- Digital cover

Compilation album by Seventeen
- Released: April 29, 2024
- Recorded: 2015–2024
- Length: 104:02
- Language: Korean; English;
- Label: Pledis
- Producer: Woozi; Bumzu;

Seventeen chronology
| Seventeenth Heaven (2023) | 17 Is Right Here (2024) | Spill the Feels (2024) |

Singles from 17 Is Right Here
- "Maestro" Released: April 29, 2024;

= 17 Is Right Here =

2024 compilation album by Seventeen

17 Is Right Here is the first Korean-language compilation album by the South Korean group Seventeen, released on April 29, 2024. Touted as a greatest hits album, it features all of the band's Korean-language singles from their debut until 2024, alongside Korean versions of all the band's Japanese-language singles, four new unreleased songs including the lead single "Maestro", and the previously unreleased instrumental for their debut single "Adore U".

== Background ==
The album was initially announced during a performance in Incheon during Seventeen's Follow Tour on March 31, 2024, where the group mentioned they would be releasing two albums in 2024. Directly following the concert, Pledis Entertainment released a teaser for the album, sharing that it would be a compilation. The teaser featured animation work by Max Dalton, best known for his work with Wes Anderson on The French Dispatch and The Grand Budapest Hotel.

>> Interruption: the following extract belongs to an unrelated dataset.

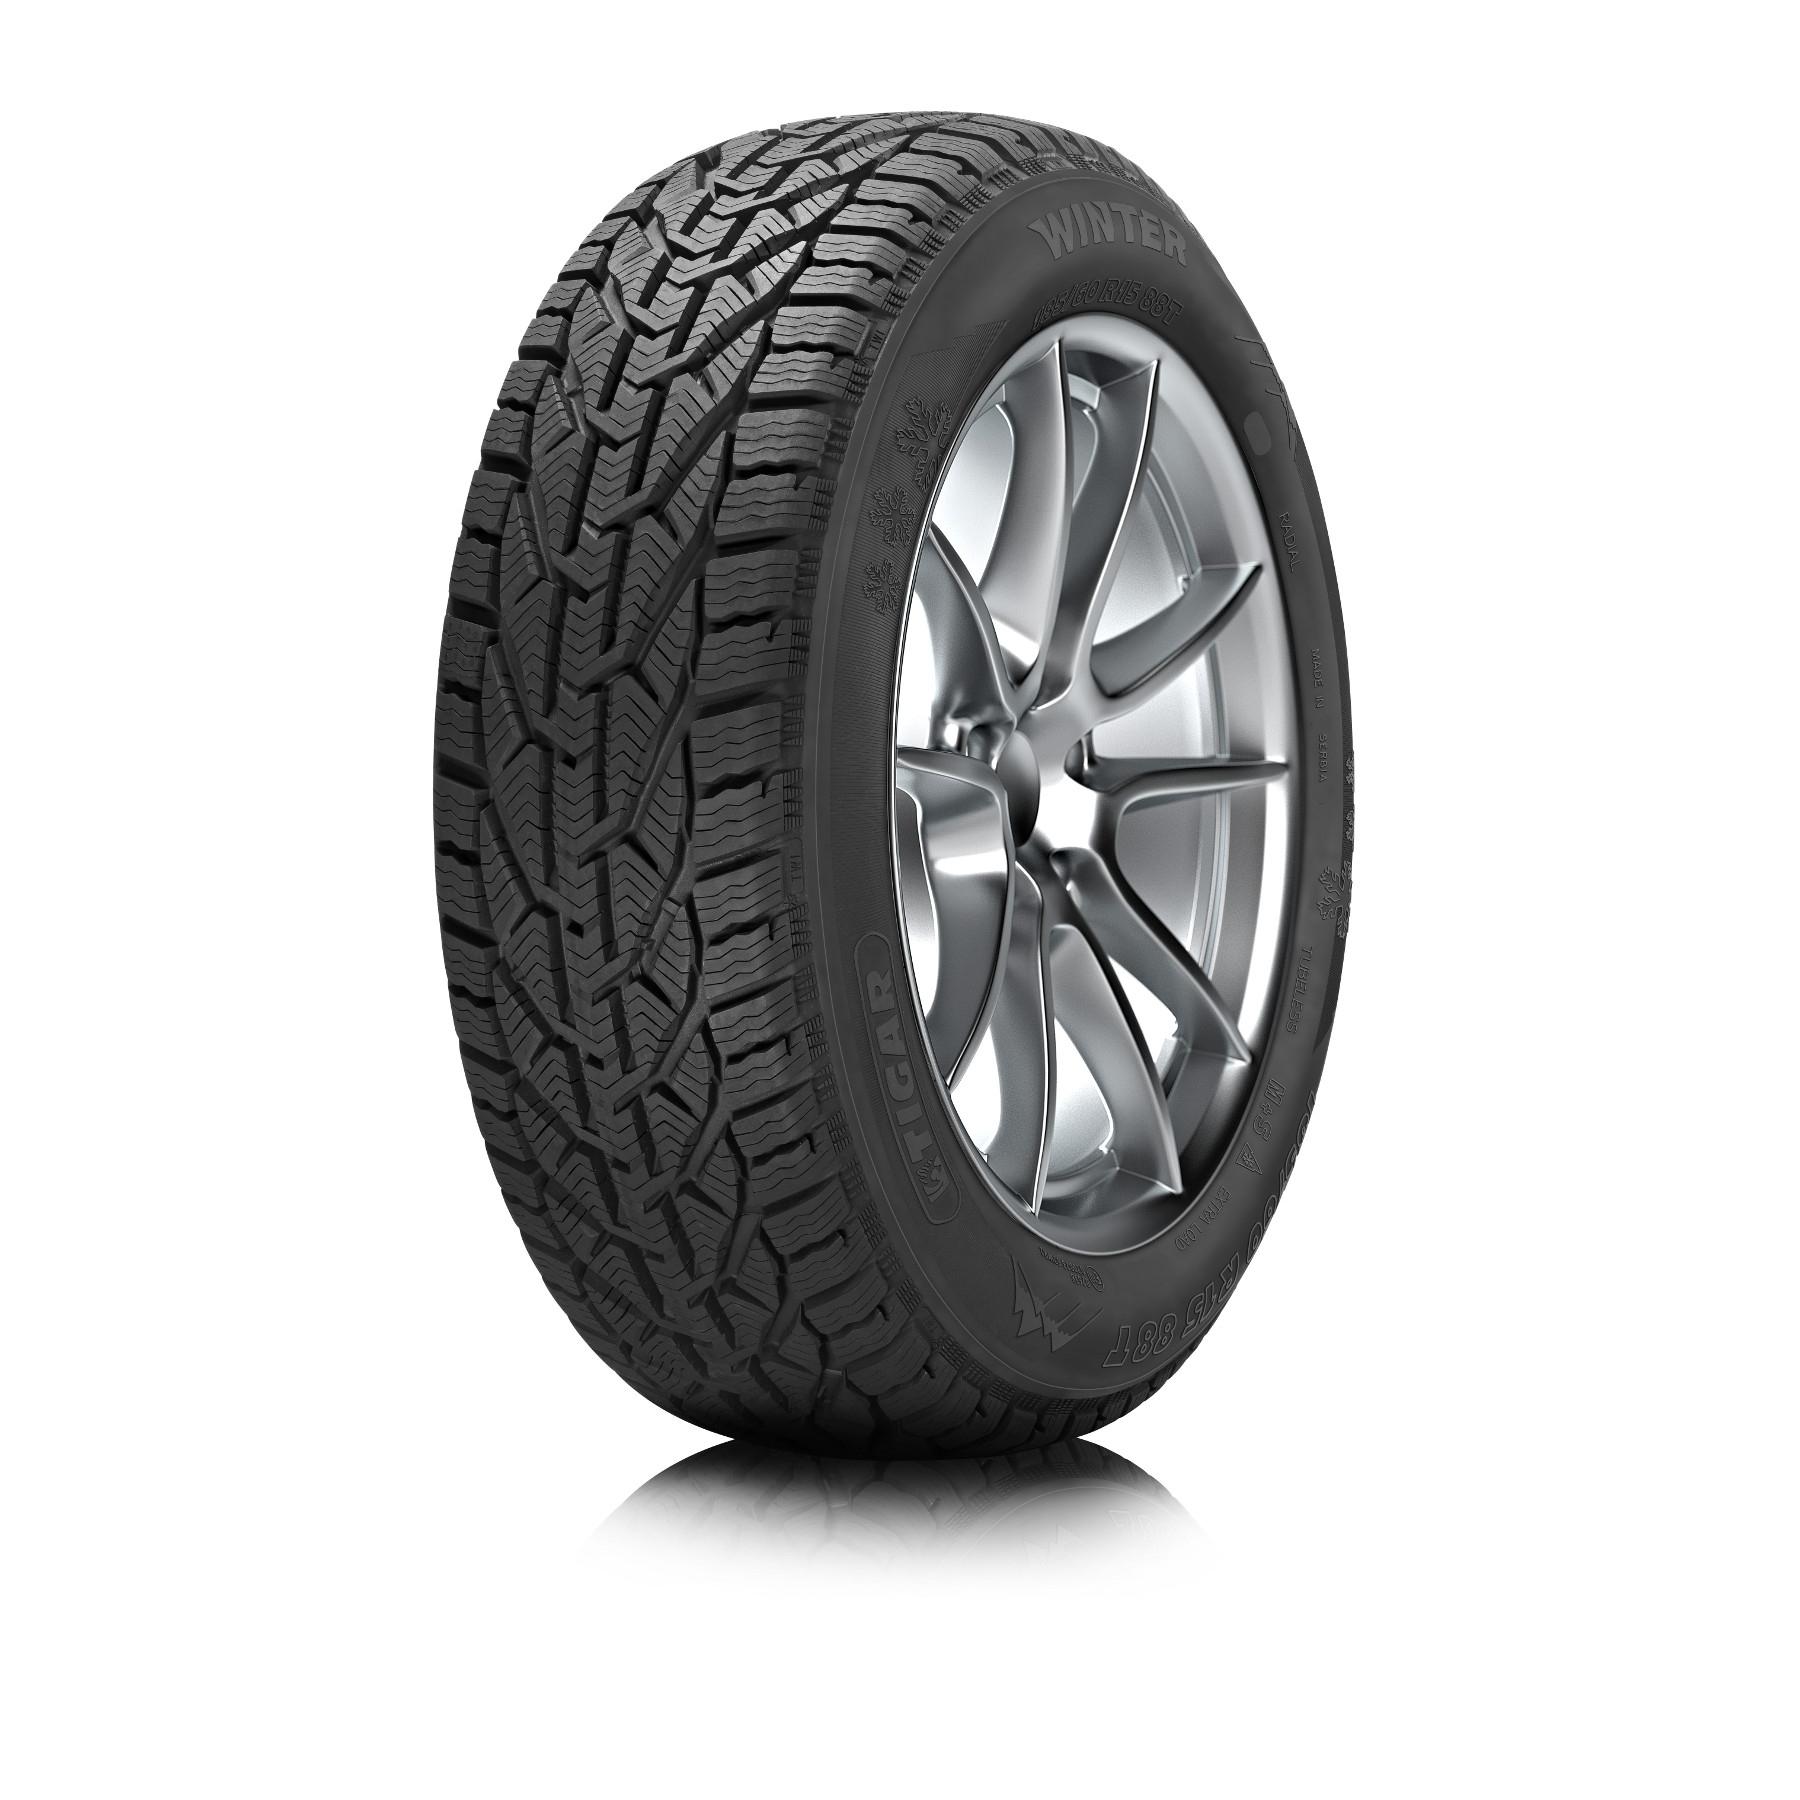 автомобильные шины Tigar Winter 215/40 R17 87V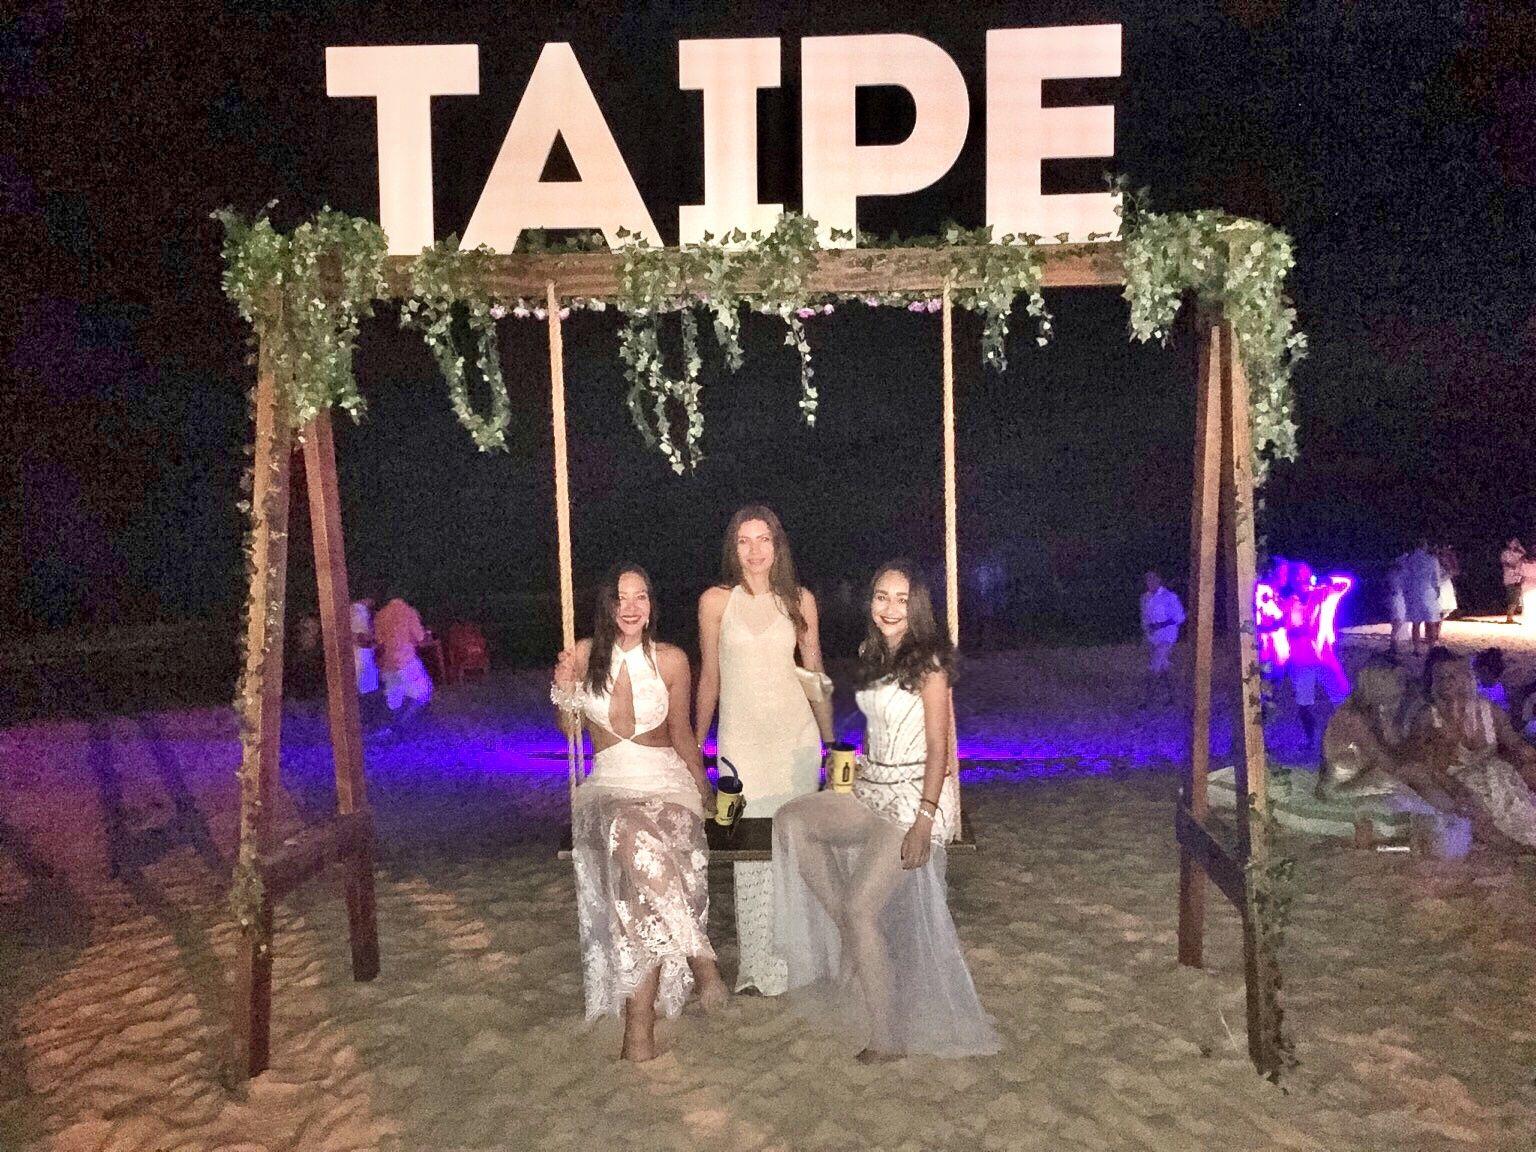 Réveillon Taipe - Trancoso   WE ARE BAHIA2   Pinterest

It is the group's second compilation album, following the 2023 release of Always Yours, an equivalent compilation of the band's Japanese-language releases to date. It features the band's greatest hits and includes the four new tracks: "Spell", "Cheers to Youth", "Lalali", and lead single "Maestro".

== Promotion ==
On April 7, 2024, Seventeen shared the link for 17is-right-here.com, a website with various links to content that would be "unzipped" throughout the leadup to the album's release. Throughout the following weeks in the lead up to the album's release, previously unreleased photos from previous album promotions were released via the website.

On April 17, 2024, Seventeen began sharing concept photos for the compilation album, with visual references to the concept photos for the previous albums. Further photos were released on April 18 and April 20, 2024.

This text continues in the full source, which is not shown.